Let's talk about some ideas about Python verification code recognition and some ideas about python.

Source: Internet
Author: User
Tags tesseract ocr

Let's talk about some ideas about Python verification code recognition and some ideas about python.

Search in baidu using python and the keyword "Verification Code". You can find many articles about verification code recognition. I have taken a general look at the following main methods: one is to process images and then use the font feature matching method. The other is to create a character correspondence dictionary after image processing, another type is recognition using ocr module directly. No matter what method is used, you must first process the image, so try to analyze the verification code below.

I. Image Processing

The main factor influencing this verification code is the intermediate curve. First, consider removing the curve from the image. Two algorithms are considered:
The first is to first obtain the position of the curve header, that is, the position of the black spot when x = 0. Then move the value of x backward, observe the position of the black spots under each x, and determine the distance between the two adjacent black spots. If the distance is within a certain range, it can be basically determined that the point is the point on the curve, and finally all the points on the curve are painted white. After trying this method, the result is very general, the curve cannot be completely removed, and the capacity will remove the lines of characters.
In the second case, the density of the point in the unit area is used for calculation. Therefore, the number of interior points per unit area is calculated first, and the number of interior points per unit area is removed from the area smaller than the number specified by a certain region. The remaining part is basically the verification code character. In this example, 5*5 is taken as the unit range for ease of operation, and the standard density of the point in the unit area is adjusted to 11. Effect after processing:

2. Character Verification

Here, I am using pytesser for ocr recognition. However, due to the irregular characters of such verification codes, the verification results are not very accurate. Which of the following is a good solution? I hope I can give some advice.

Iii. Preparation and code example

1. PIL, pytesser, tesseract

(1) install PIL: http://www.pythonware.com/products/pil/
(2) pytesser: http://code.google.com/p/pytesser/. after the download is decompressed, it is directly stored in a folder with the same code and can be used.
(3) download Tesseract OCR engine: Notebook.

2. Specific Code

# Encoding = UTF-8 ### import Image, ImageEnhance, ImageFilter, ImageDrawimport sysfrom pytesser import * # number of points in the calculation range def numpoint (im): w, h = im. sizedata = list (im. getdata () mumpoint = 0for x in range (w): for y in range (h): if data [y * w + x]! = 255: #255 is white mumpoint + = 1 return mumpoint # Calculate the density of the point in the 5*5 range def pointmidu (im): w, h = im. sizep = [] for y in range (0, h, 5): for x in range (0, w, 5): box = (x, y, x + 5, y + 5) im1 = im. crop (box) a = numpoint (im1) if a <11: # if the range of 5*5 is less than 11 points, convert all the points to white. For I in range (x, x + 5): for j in range (y, y + 5): im. putpixel (I, j), 255366im.save(r'img.jpg ') def ocrend (): # recognize image_name = "img.jpg" im = Image. open (image_name) im = im. filter (ImageFilter. medianFilter () enhancer = ImageEnhance. contrast (im) im = enhancer. enhance (2) im = im. convert ('1') im. save ("1.tif") print image_file_to_string ('1. tif ') if _ name __= =' _ main _ ': image_name = "1.png" im = Image. open (image_name) im = im. filter (ImageFilter. DETAIL) im = im. filter (ImageFilter. medianFilter () enhancer = ImageEnhance. contrast (im) im = enhancer. enhance (2) im = im. convert ('1') # a = remove_point (im) pointmidu (im) ocrend ()
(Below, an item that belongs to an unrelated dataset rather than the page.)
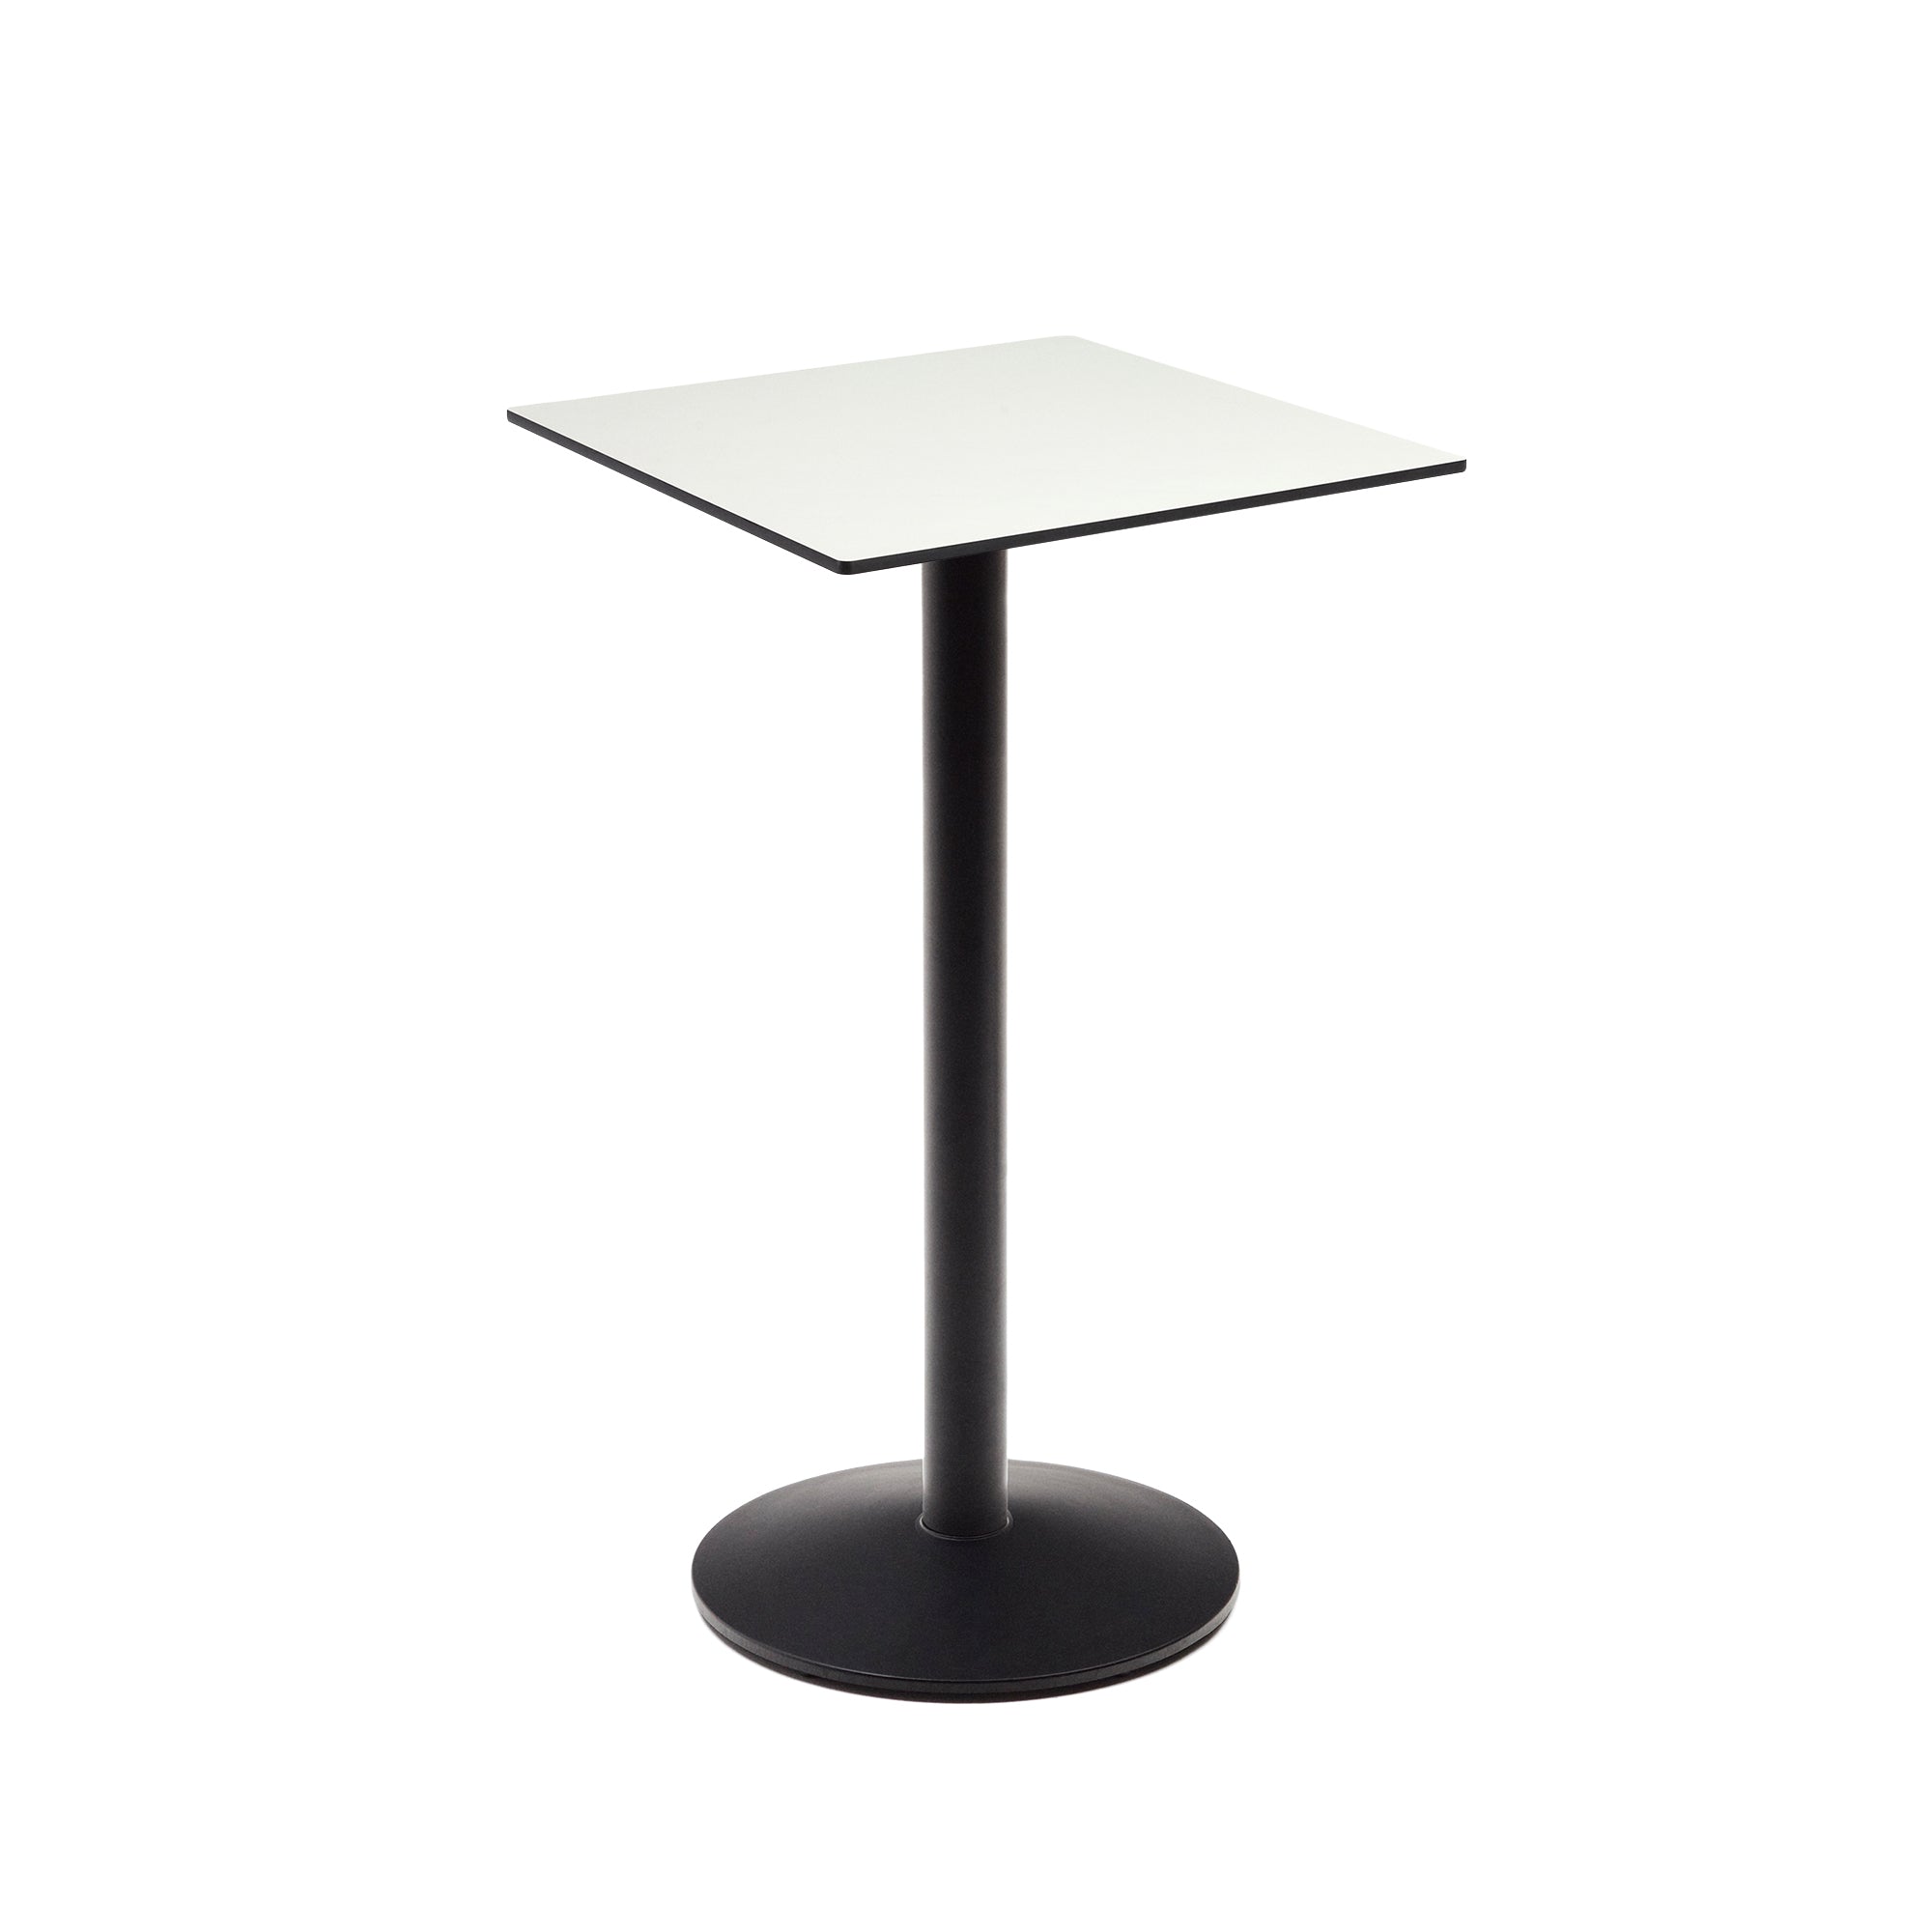 Esilda magas asztal fehér színben, fekete festett fém lábbal, 60 x 60 x 96 cm

My final recognition rate for this method is really not high. I hope you can give me some advice on which expert has a good idea or practice!

Articles you may be interested in:
  • Example code of a Chinese Verification Code randomly generated by Python
  • Python generates Verification Code instances
  • Python Verification Code Recognition Method
  • Python verification code identification and processing instance
  • Python website verification code recognition
  • Detailed explanation of Python verification code recognition

Related Article

Contact Us

The content source of this page is from Internet, which doesn't represent Alibaba Cloud's opinion; products and services mentioned on that page don't have any relationship with Alibaba Cloud. If the content of the page makes you feel confusing, please write us an email, we will handle the problem within 5 days after receiving your email.

If you find any instances of plagiarism from the community, please send an email to: info-contact@alibabacloud.com and provide relevant evidence. A staff member will contact you within 5 working days.

A Free Trial That Lets You Build Big!

Start building with 50+ products and up to 12 months usage for Elastic Compute Service

  • Sales Support

    1 on 1 presale consultation

  • After-Sales Support

    24/7 Technical Support 6 Free Tickets per Quarter Faster Response

  • Alibaba Cloud offers highly flexible support services tailored to meet your exact needs.